Il processo non è ancora finito: ciò che resta del fango viene poi disidratato e inviato ad aziende che lo trattano per il riutilizzo in agronomia. «L’acqua depurata viene usata per scopi tecnologici (lavaggio macchinari e raffreddamento turbine) all’interno dell’area impiantistica di Hera, che ospita anche il termovalorizzatore. Un altro utilizzo oggi sempre più importante, vista la scarsità della risorsa, è il recupero per scopi irrigui, attraverso la rete dei canali utilizzati dagli enti preposti, come i Consorzi di Bonifica. La gestione di impianti diversi nella stessa area ha l’obiettivo di ottimizzare i consumi di energia, ricavando risorse utili da ogni processo».

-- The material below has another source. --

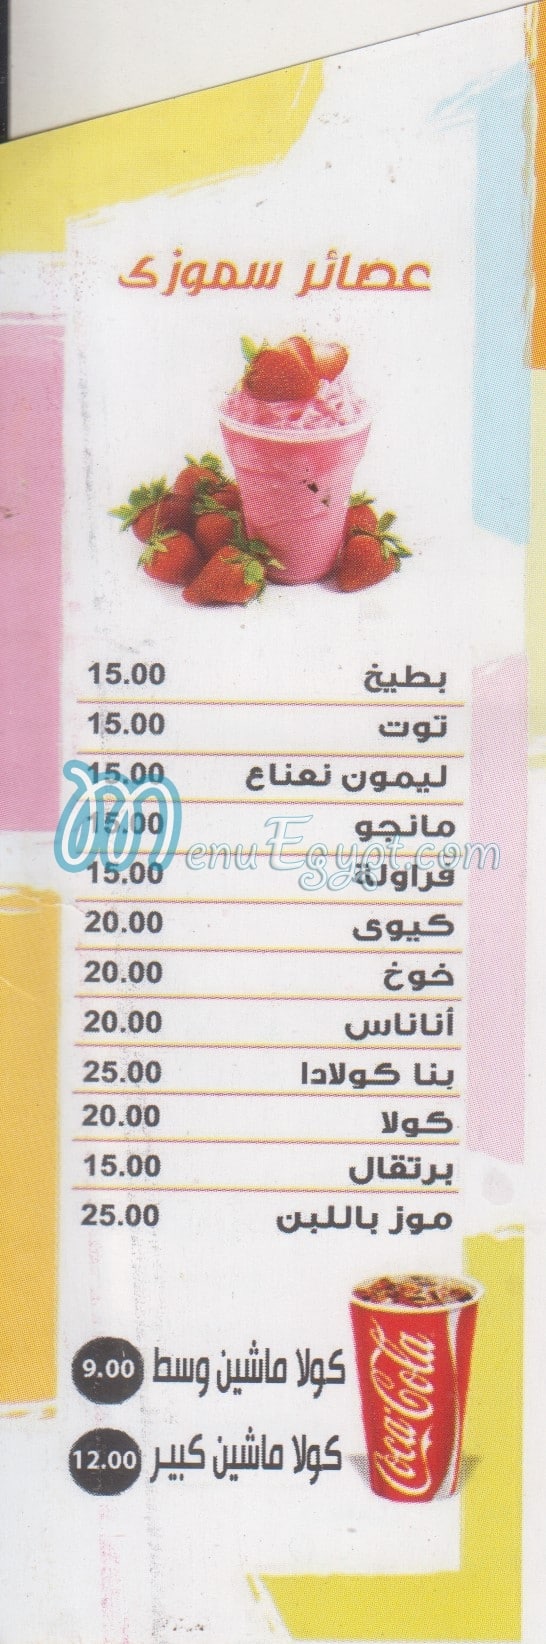 Le Beistro menu Egypt 1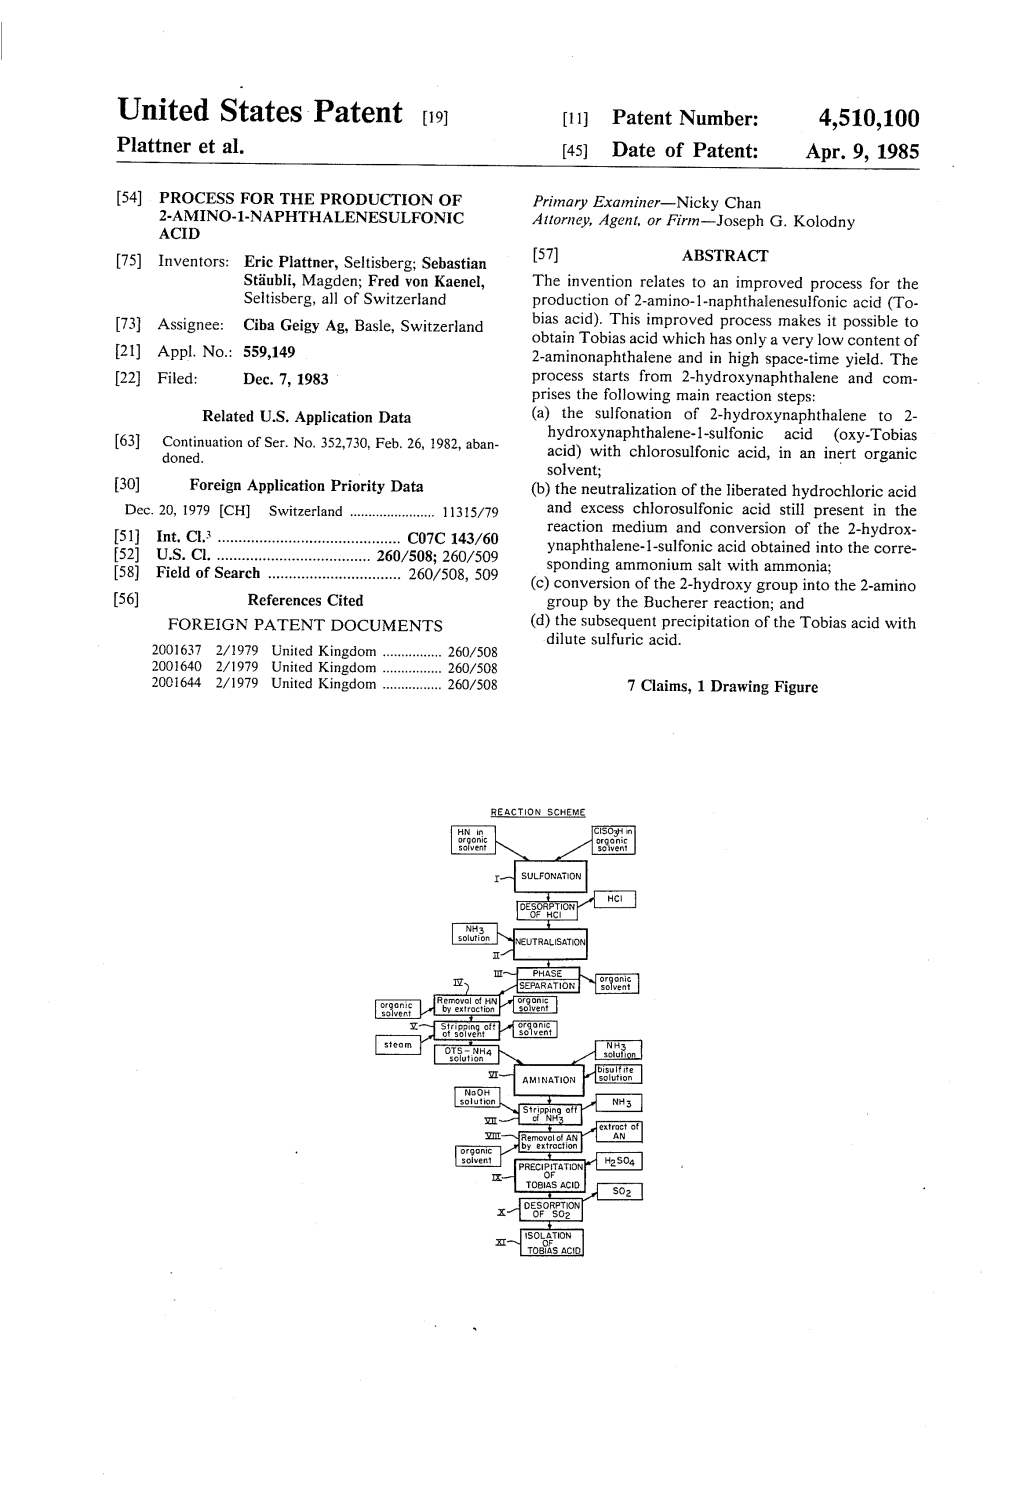 United States Patent to 11 Patent Number: 4,510,100 Plattner Et Al

Nell’impianto si genera, quindi, una sinergia: l’acqua depurata dall’impianto di depurazione viene riutilizzata in parte in agricoltura, come anche i fanghi essiccati usati come terriccio e in parte all’interno della stessa struttura per ripulire e raffreddare i macchinari. Il gas metano, prodotto dalla digestione anaerobica dei fanghi genera energia elettrica, così come il termovalorizzatore che, bruciando gli scarti, produce calore convertito in energia elettrica, successivamente utilizzata per far funzionare l’intero impianto. In questo modo l’impianto di Hera cerca di essere il più sostenibile possibile.